Quantification of DA and 4-dihydroxy phenylacetic acid (DOPAC)
We analyzed the degrees of DA and DOPAC within the striatum utilizing a high-performance liquid chromatography instrument (HPLC) (1260 Infinity, Agilent Applied sciences, Santa Clara, CA, USA) with an electrochemical detector (Coulochem III, Thermo Fisher Scientific) [32]. Briefly, the pre-weighed striatal tissues have been homogenized in a 0.1 N perchloric acid answer, centrifuged at 13 000 ×g and 4 °C for 30 min, and eluted utilizing a cellular part consisting of 17% acetonitrile, 100 µL/L triethylamine, 75 mM NaH2PO4, 1.7 mM 1-octane sulfonic acid, and 25 µM EDTA. Every pattern was injected and isocratically eluted at a movement price of 0.6 mL/min.

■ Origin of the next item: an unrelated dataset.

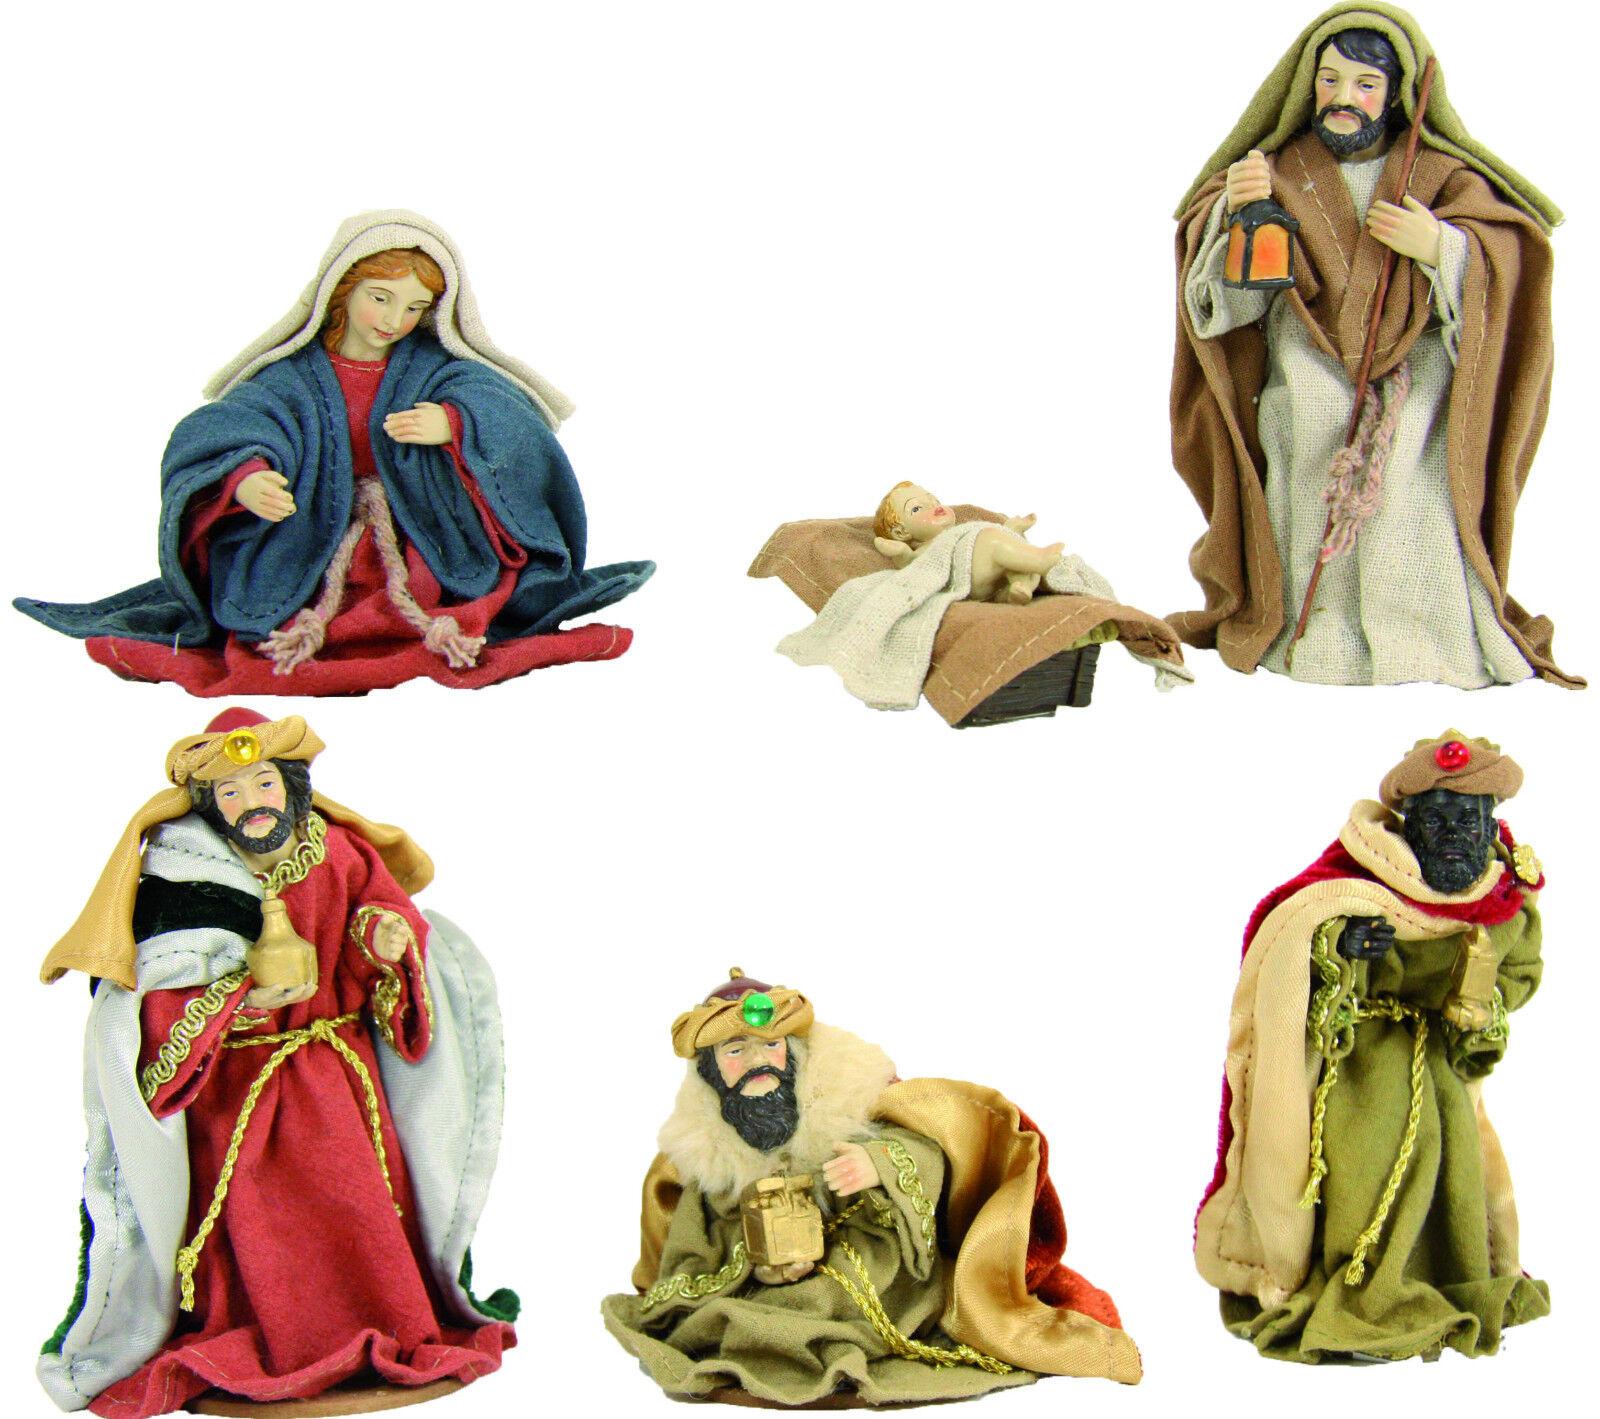 Weihnachtskrippe Krippenfiguren Ankleidekrippenset 6-teilig Figuren Figuren Figuren ca 13 cm b41dd7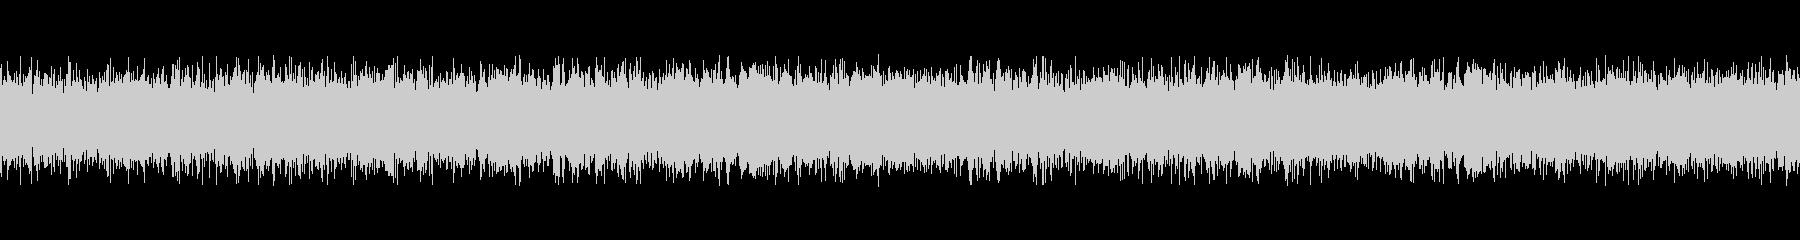 川の激しいせせらぎ2 (ループ仕様)の未再生の波形

Immunohistochemical staining
Coronal mind sections (thickness of 30 μm) have been ready utilizing a sliding microtome (Microm HM 450, Thermo Fisher Scientific, Walldorf, Germany). The sections have been rinsed of the cytoprotectant answer and incubated with 3% H2O2 for 20 min, washed 5 instances with KPBS, and stained with rabbit polyclonal main antibody towards TH (1:3,000), GFAP (1:3,000), or Iba-1 (1:1,000) in KPBS containing 0.4% Triton X-100 at 4 °C in a single day. The following day, the sections have been handled with biotinylated secondary antibody (1:1,000) and incubated in avidin–biotin–peroxidase advanced for 1 h. We used 3,3-diaminobenzidine answer for immunocomplex visualization. The resultant sections have been washed, mounted on subbed slides, and lined with slide glasses. Lastly, the immunopositive cells have been noticed below a microscope (Olympus, Tokyo, Japan). Picture evaluation of immunoreactivity for TH, GFAP, and Iba-1 was performed utilizing ImageJ software program (model 1.54 g, Nationwide Institutes of Well being, Bethesda, MD, USA). Stereological counting was carried out to find out the variety of TH+ dopaminergic neurons within the substantia nigra. For striatum samples, the variety of pixels above the brink (set to 200) was used to quantify the density of TH+ fibers. Microglial and astrocytic activation have been evaluated utilizing the identical technique. The outcomes are offered as a share of the brink space.
Western blot evaluation
The substantia nigra tissues have been homogenized in ice-cold RIPA lysis buffer with 1% protease inhibitor cocktail and centrifuged at 13 000 ×g and 4 °C for 30 min. The supernatant was collected and protein concentrations have been quantified utilizing the BCA protein assay equipment (Thermo Fisher Scientific). After loading equal quantities of proteins, every pattern was resolved in 12% SDS-polyacrylamide gel. Transblotting of the proteins was carried out on polyvinylidene difluoride membranes (Merck Millipore) blocked in Tris-buffered saline with 5% skim milk and 0.1% Tween 20 for 1 h and incubated in a single day with main antibodies towards IL-1β (1:2,000; Cell Signaling), TNF-α (1:2,000; GeneTex), and β-actin (1:5,000; AbFrontier) at 4 °C. The membranes have been then incubated with horseradish peroxidase-conjugated secondary antibody for 1 h at room temperature. Lastly, the membranes have been immersed in enhanced chemiluminescence reagents (Thermo Fisher Scientific) and the blots have been visualized utilizing a luminescence analyzer (Fusion Solo, Vilber Lourmat, France). The density of every blot was evaluated utilizing GelQuant.Web software program.
Statistical evaluation
All information are offered because the imply ± customary deviation (SD) of a number of impartial experiments. Variations between two teams have been assessed utilizing a one-tailed Scholar’s t-test. For the animal research, statistical analyses have been performed utilizing GraphPad 9.0 (San Diego, CA, USA) with one-way evaluation of variance adopted by Tukey’s a number of comparability take a look at. Statistical significance was set at p < 0.05.